Lost in the Woods — Southwest Texas, 1914

G.M.C. "Cade" Massey

G.M.C. “Cade” Massey

Guest blogger, my grandfather, G.M.C. Massey, recounts a tale from a hunting party.

I was a School Teacher in the great Southwest Texas, 34 years of age; And I was very aggressive, I was not a coward; But I was daring to a point.

On one week end, one of the Board of trustees came by for me to go hunting down on the NUECES River; Of course we were hunting for Venison, But we not averse to taking any other worthwhile Game if it came our way.

Well we arrived on the hunting ground about an hour before Sun Down, & We decided that we would make a short hunt that afternoon, And be back by dark. We made it back by dark except one who was a little late, because he was about to Get his meat; Soon we heard his rifle blast, And we knew that we had some meat For He and his rifle never failed.

We waited a few minutes, and he reported that he killed one, But he lost it; And we went and helped him hunt, and we failed; But the next morning, He was up and had gone to get his prey; For he knew that he had it, And sure enough he did But the night was so warm, that the meat had spoiled, and we were still without any fresh meat.

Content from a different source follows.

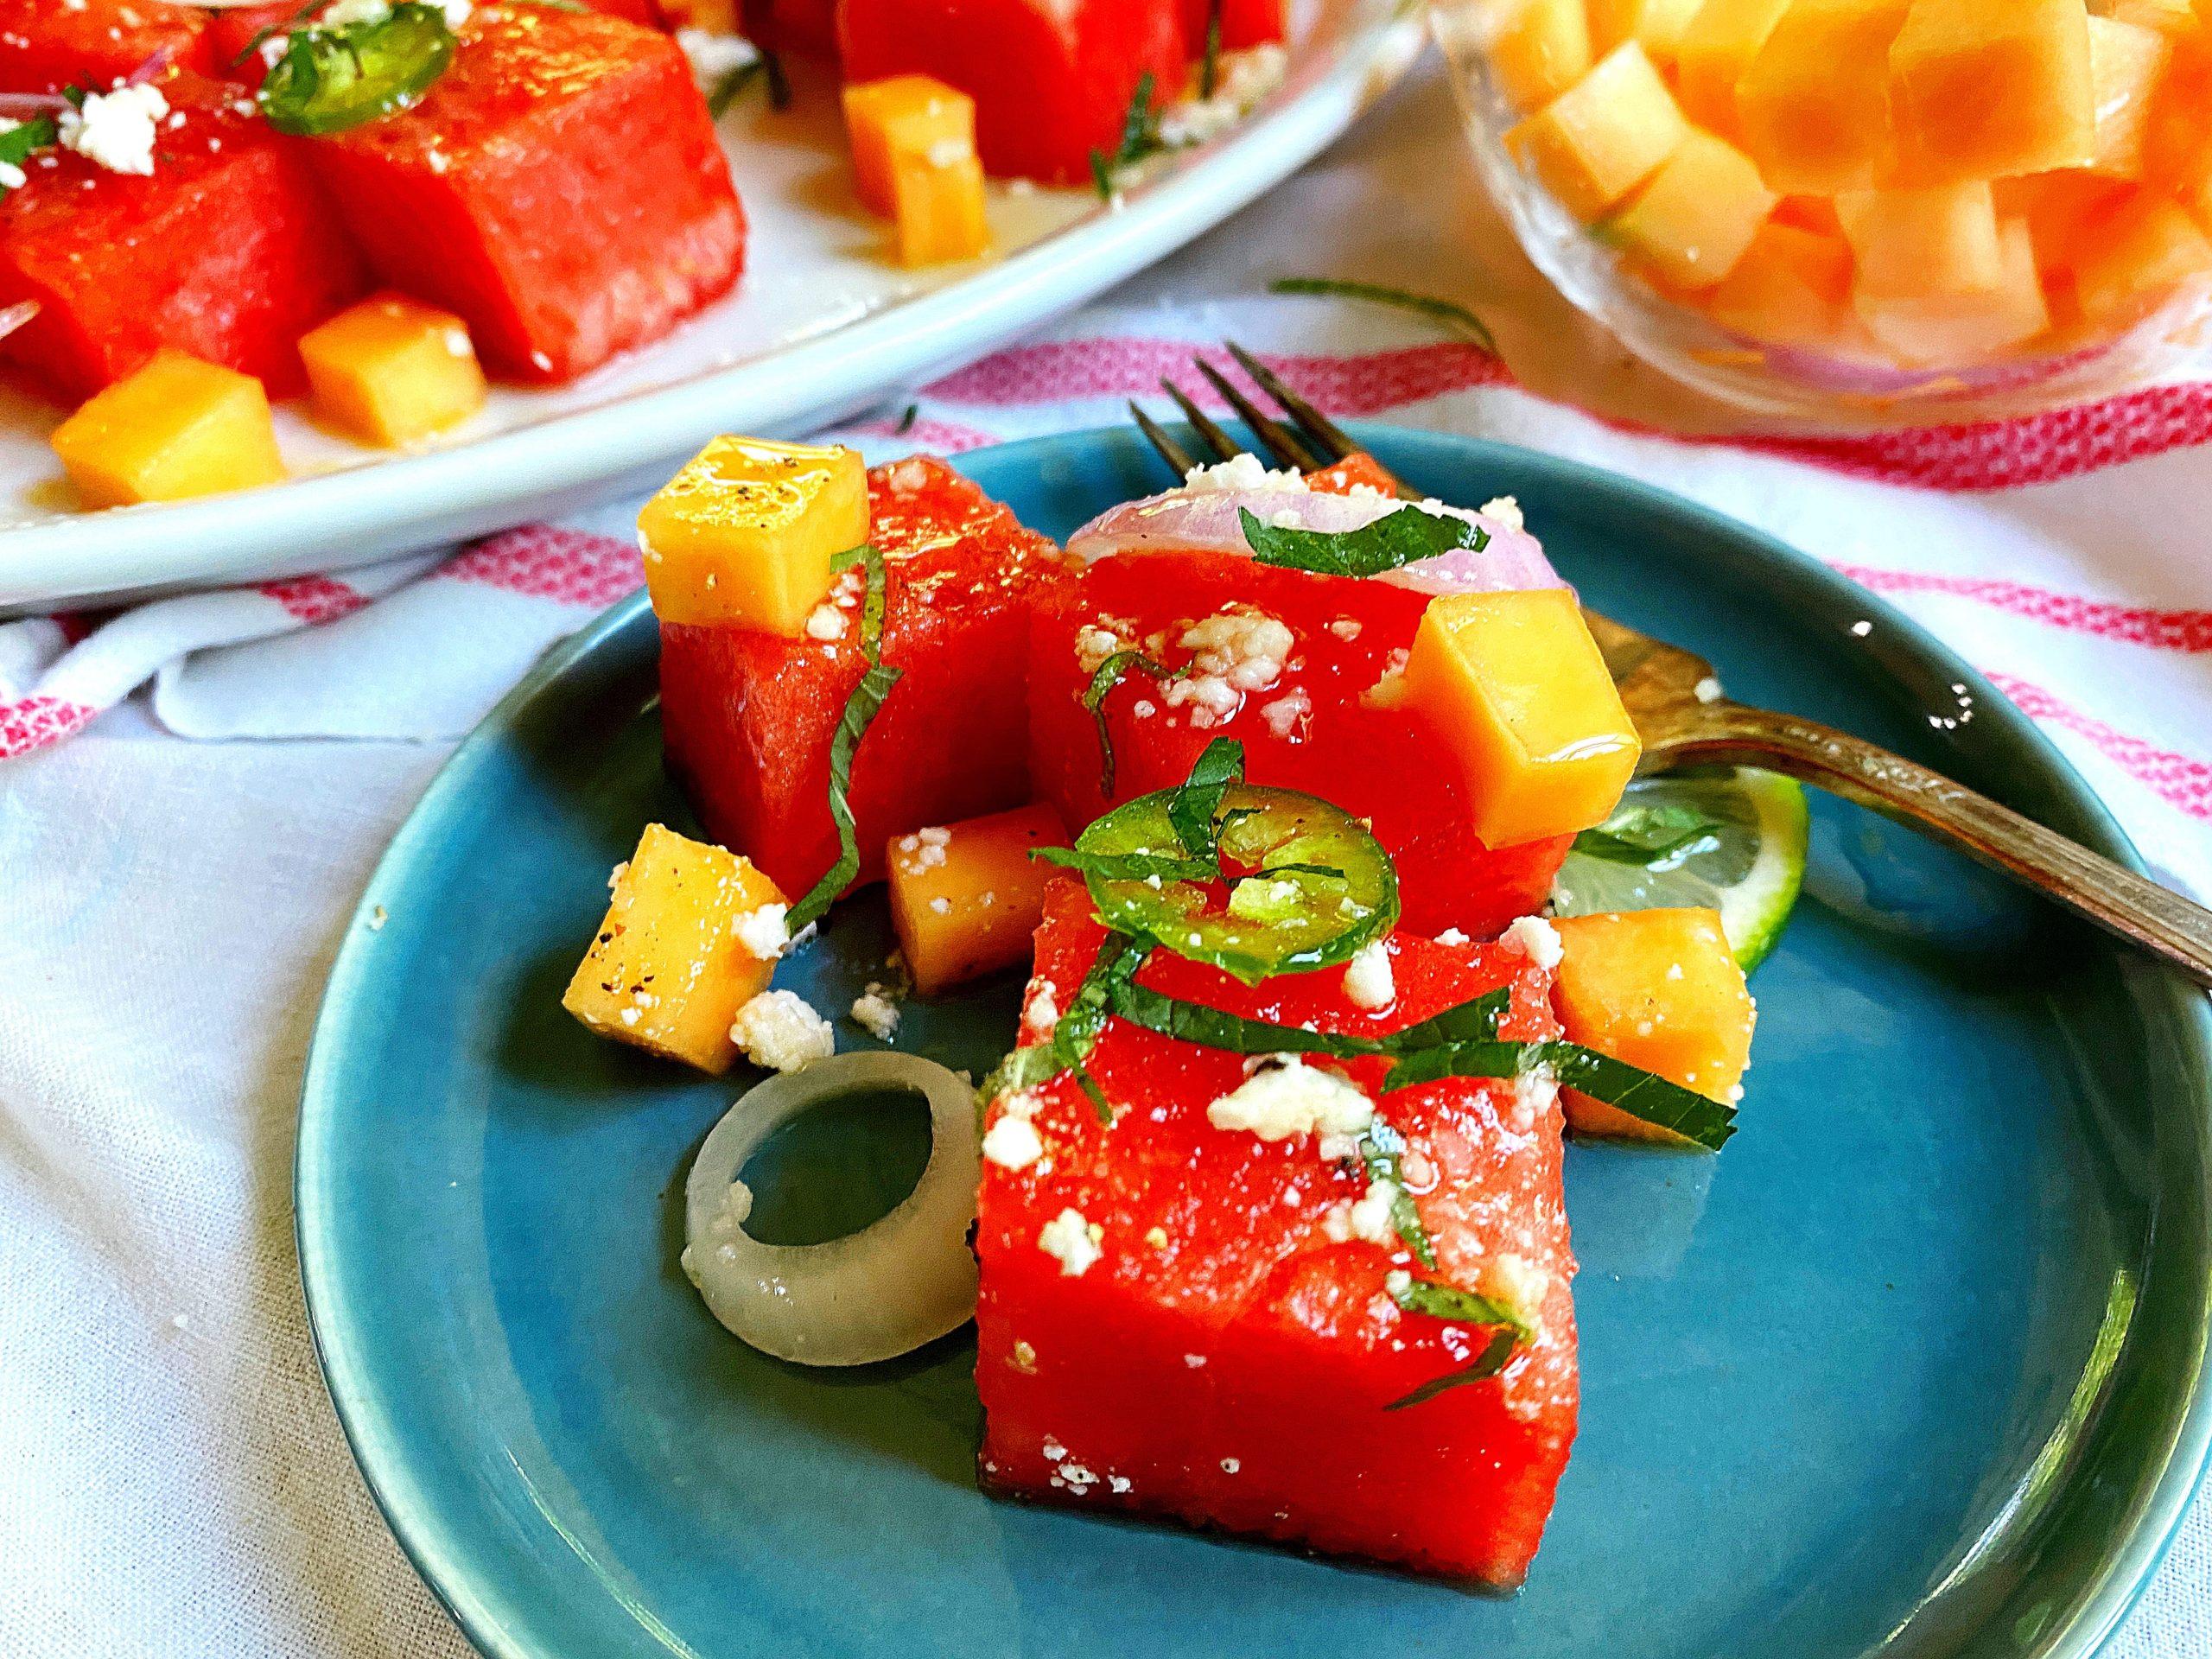 Mojito Melon Summer salad served

The morning was very dark, and drizzly; But that was in our favor, the Hunter said. And as soon as we had fed ourselves, we were off again, And with no dogs. As the cactus was so bad on most of the range, That they were of no advantage. Well, I went the same way that I did the evening before, And soon I was in the deep cactus, And a big BUCK jumped up right in my face, But the cactus was so high that I could not get a shot till he was about 200 years; When I got out to a clear place, so that I could be sure that nothing was in the way: And at the blast of the gun, He dropped to the earth; And by the time that I could get to him, He was gone: But I could track him by the blood; Till I got to the switch cane in the deep of the river valley, And as the splashy bottom, as well as the cane and other undergrowth I lost trail of the BUCK: But about that time I Ran upon a doe, and fawn; And I started to try to get the Fawn, And they dodged this way and that till I lost their trail, out of the mud and the water to a batch of leaves, that got me lost. Still raining some and the darkness of the Elements made it hard for some one that was not used to the country, And it was doubly for me, for I didn’t have a compass, And I realized that I was lost; And it seemed that all reason was about to pass away: Then I realized that this is a time that we Had better bring into use of all that I had read or heard of about other people that got lost; and a few remedies for such conditions.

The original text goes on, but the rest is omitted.